Sensory perceptions may be affected by brain damage. For example, brain damage often increases the child’s sensitivity to pain, light, and other stimuli. Children with brain damage may struggle with depth perception and balance.
More severe brain damage can affect the child’s ability to communicate clearly or to speak at all. They may be unable to learn to read or write (due to either cognitive or physical symptoms) and may need to be placed in special education classes.
Brain damage can also cause emotional and behavioral disturbances such as extreme aggression and anger. Children with brain damage may act out in socially inappropriate ways and struggle to control their impulses. These are called “neurobehavioral problems” and are often controllable with therapy and medication.
Specific Conditions Caused By Brain Damage
In some cases, brain damage causes a specific condition with a specific set of symptoms. Cerebral palsy is a condition caused by damage to the part of the brain that controls movement and coordination. Children with cerebral palsy may have tremors and seizures. Children with severe cerebral palsy may be unable to stand or walk on their own and may require intensive care. Click here for more detailed information on cerebral palsy.

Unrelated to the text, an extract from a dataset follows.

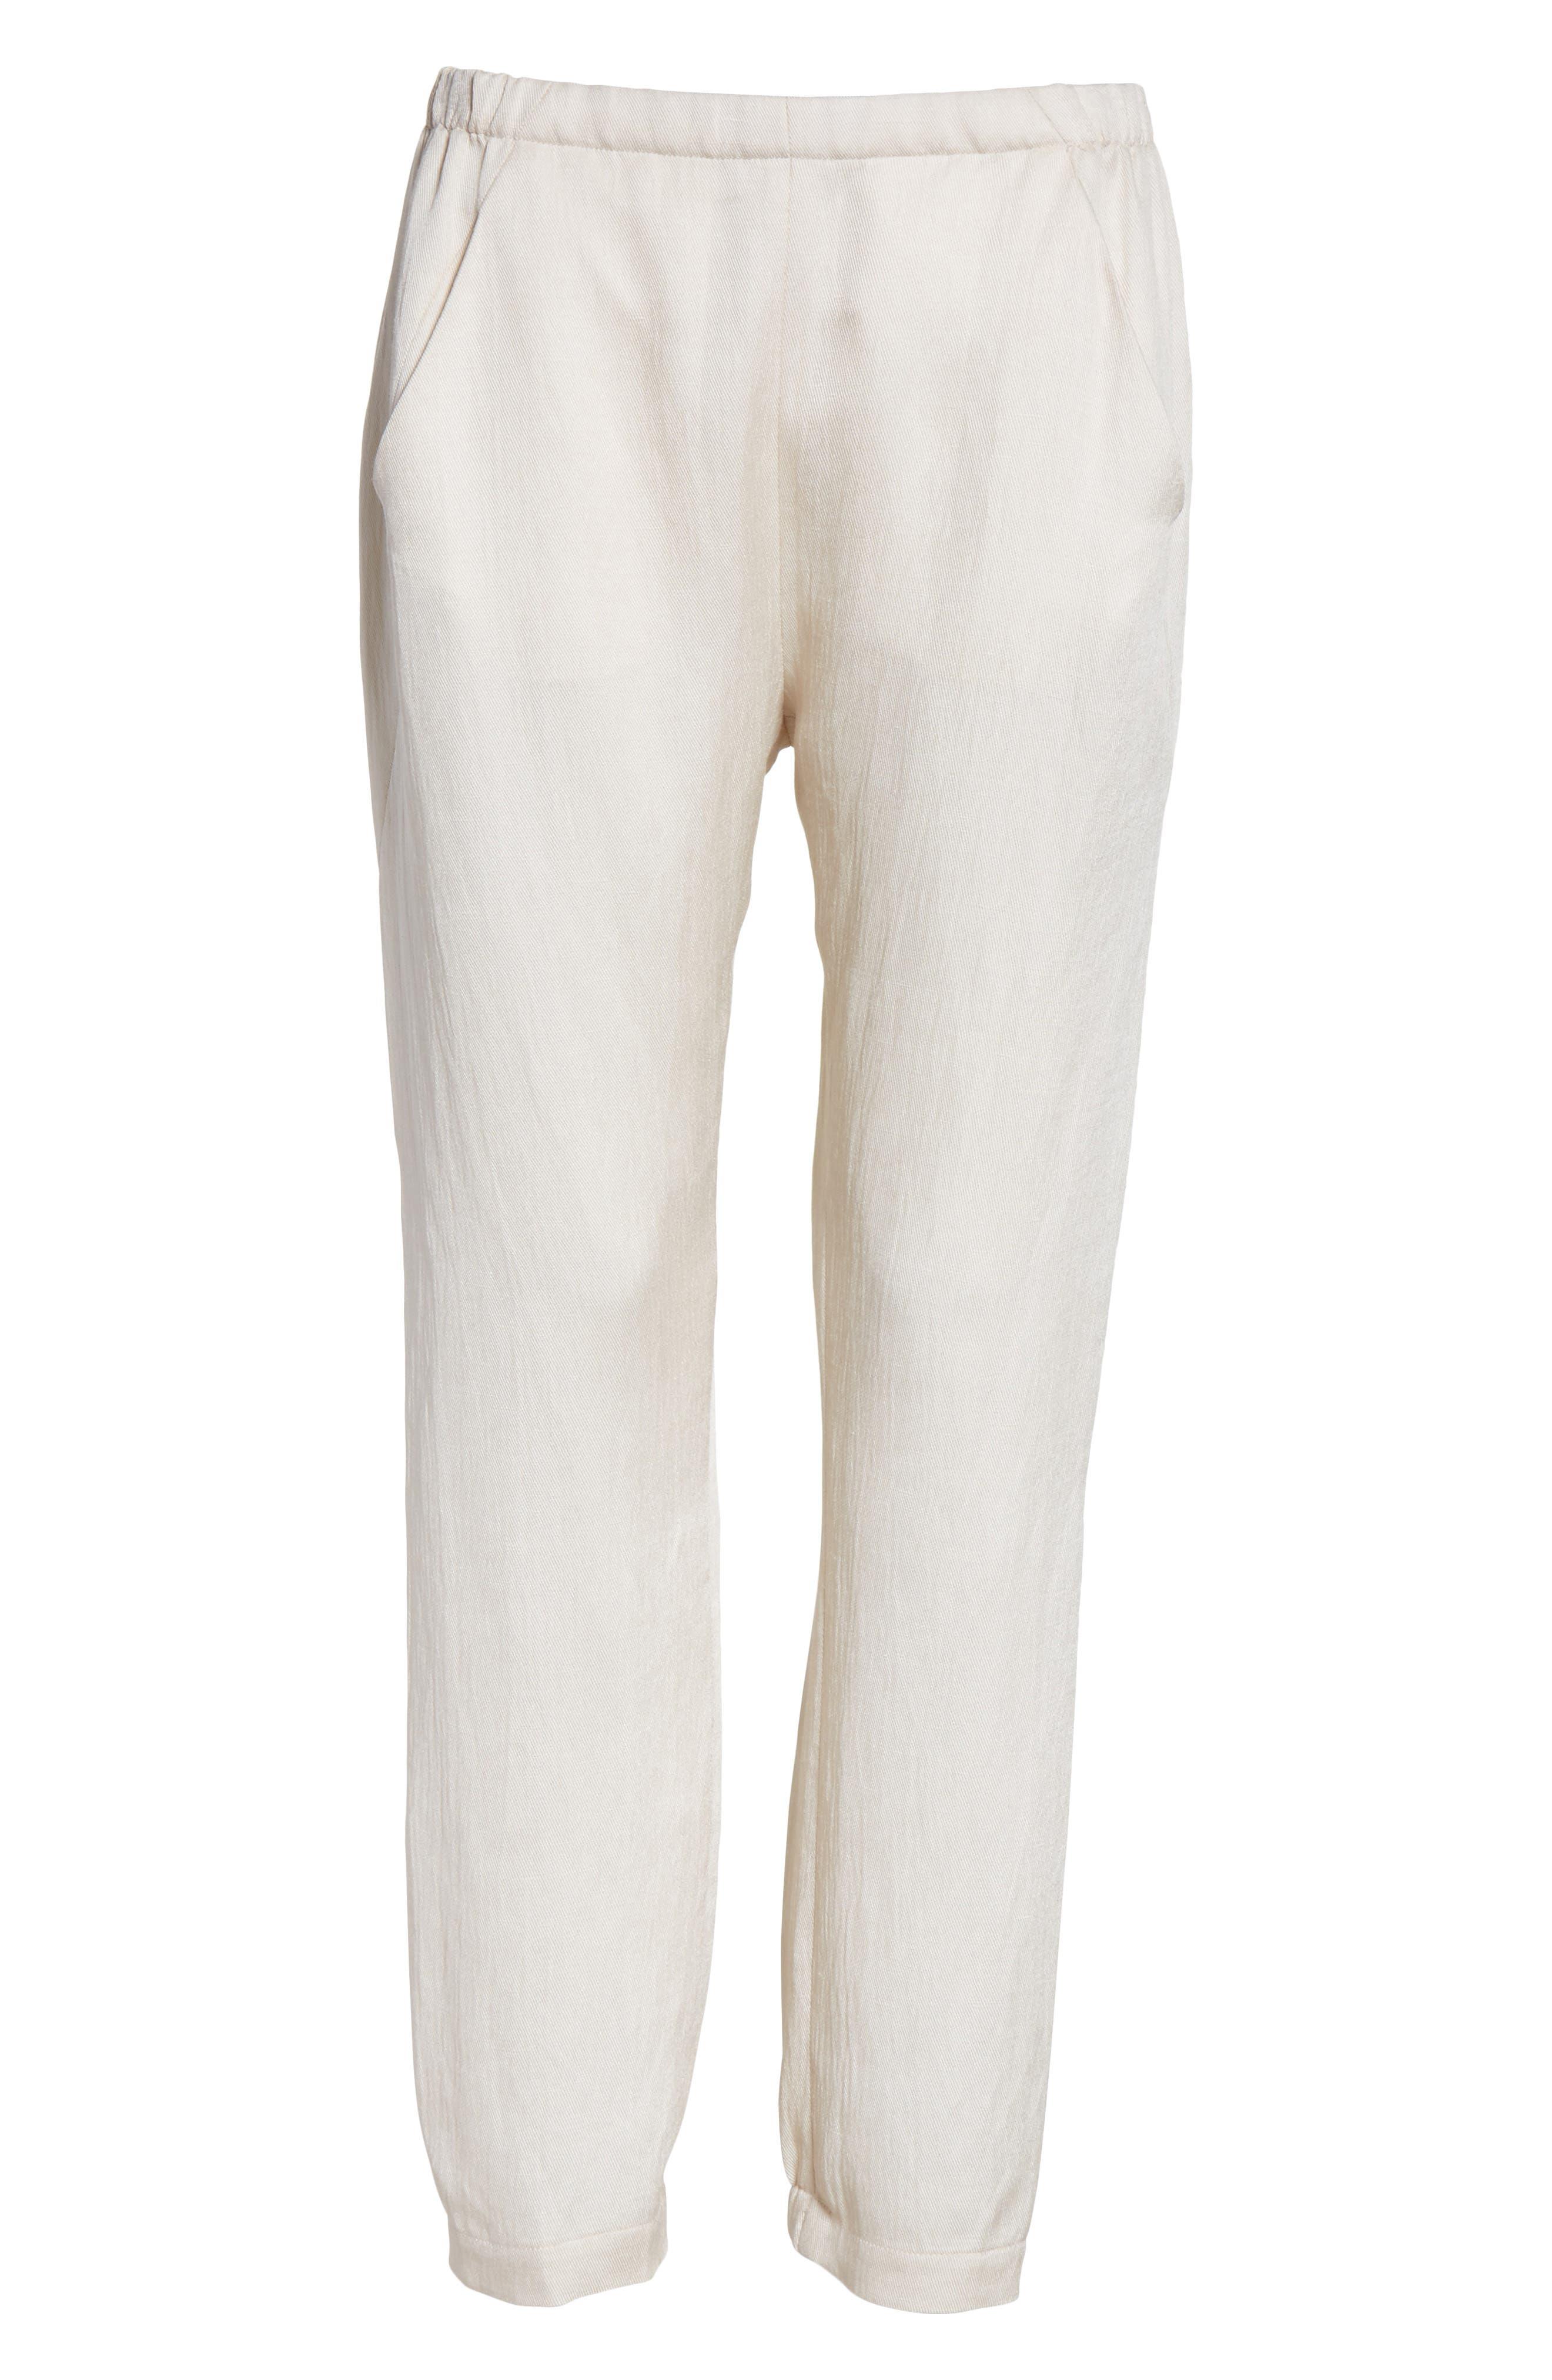 Gabi Eco Drape Pants,                             Alternate thumbnail 6, color,
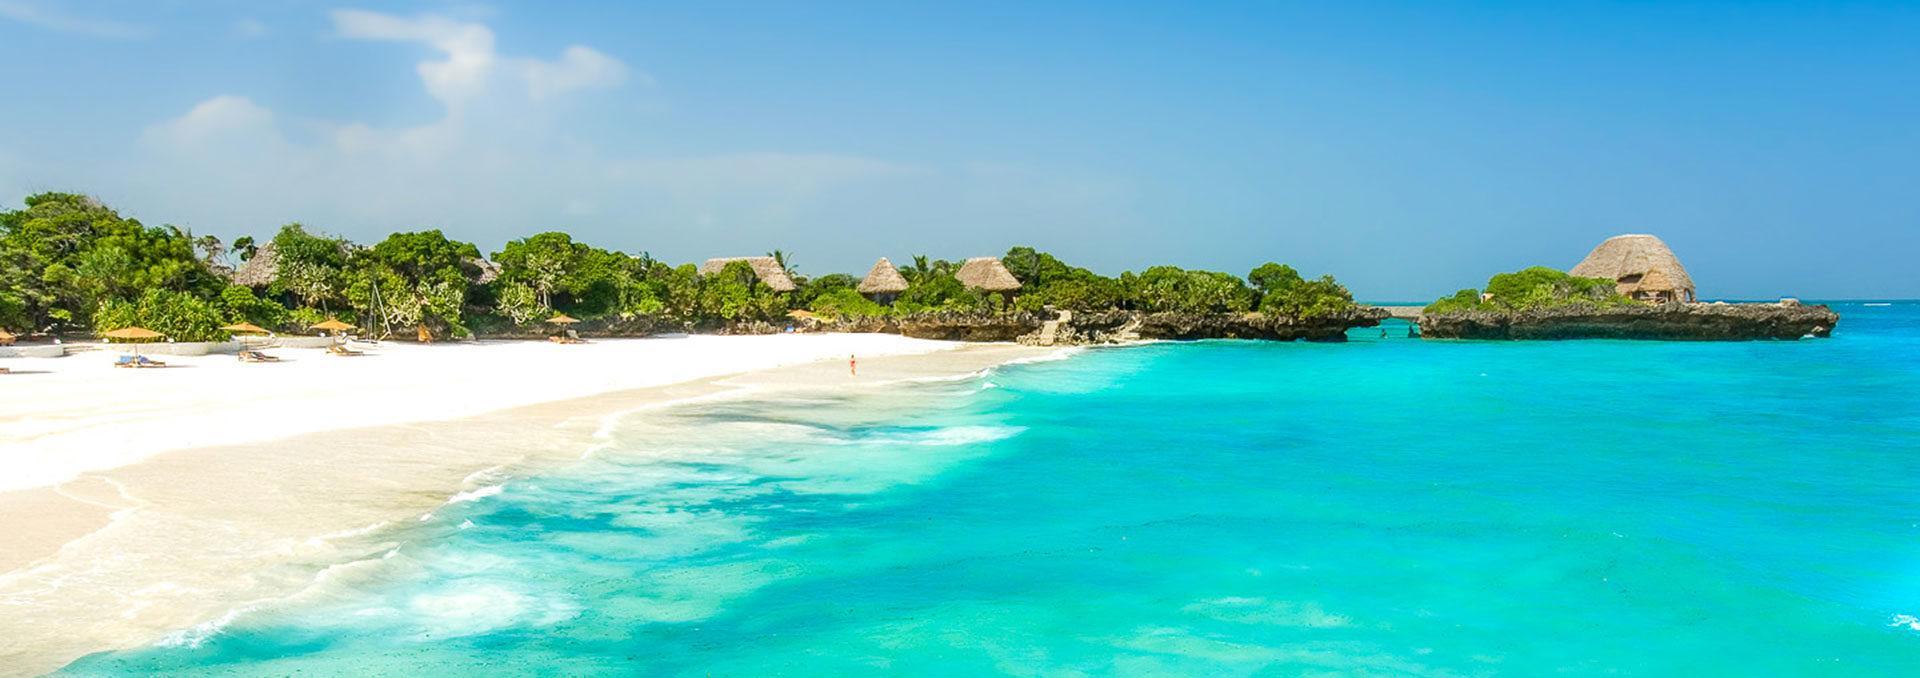 Mombasa, Kenya | Facts about Mombasa beach

Brain damage can also cause seizure disorders, or “epilepsy.” Seizures are caused by unusual electrical activity in the brain. We commonly think of seizures as shaking and twitching, but not every seizure causes convulsions. Seizures may also cause loss of balance, uncontrollable eye movements, loss of bladder and bowel control, and temporary breathing trouble. Some seizures just cause behavioral changes, such as rocking back and forth and not responding to stimuli.
Brain damage may cause psychiatric disorders such as schizophrenia, depression, anxiety, and psychosis. These disorders may not arise until adolescence or even later and may be marked by symptoms such as extreme lethargy and sadness, behavioral problems, hearing voices, hallucinating, or extreme paranoia. These disorders may also be caused by environmental or genetic factors.
One study found that children who suffered injuries to the cerebellum during pregnancy or delivery had a higher risk of developing autism. The causes of autism are not well understood and experts believe that genetic factors play the largest role in the disorder, but brain damage may increase the risk.
Brain Damage Is A Spectrum
The more severe the damage, the more severe the symptoms. Mild brain damage may not ever be noticeable. More serious cases may cause noticeable physical and cognitive disabilities and may require regular medical care. In extreme cases, a child with brain damage may never be able to live independently.
If you notice symptoms of brain damage in your child, you should seek medical attention immediately to find the cause and prevent more serious side effects.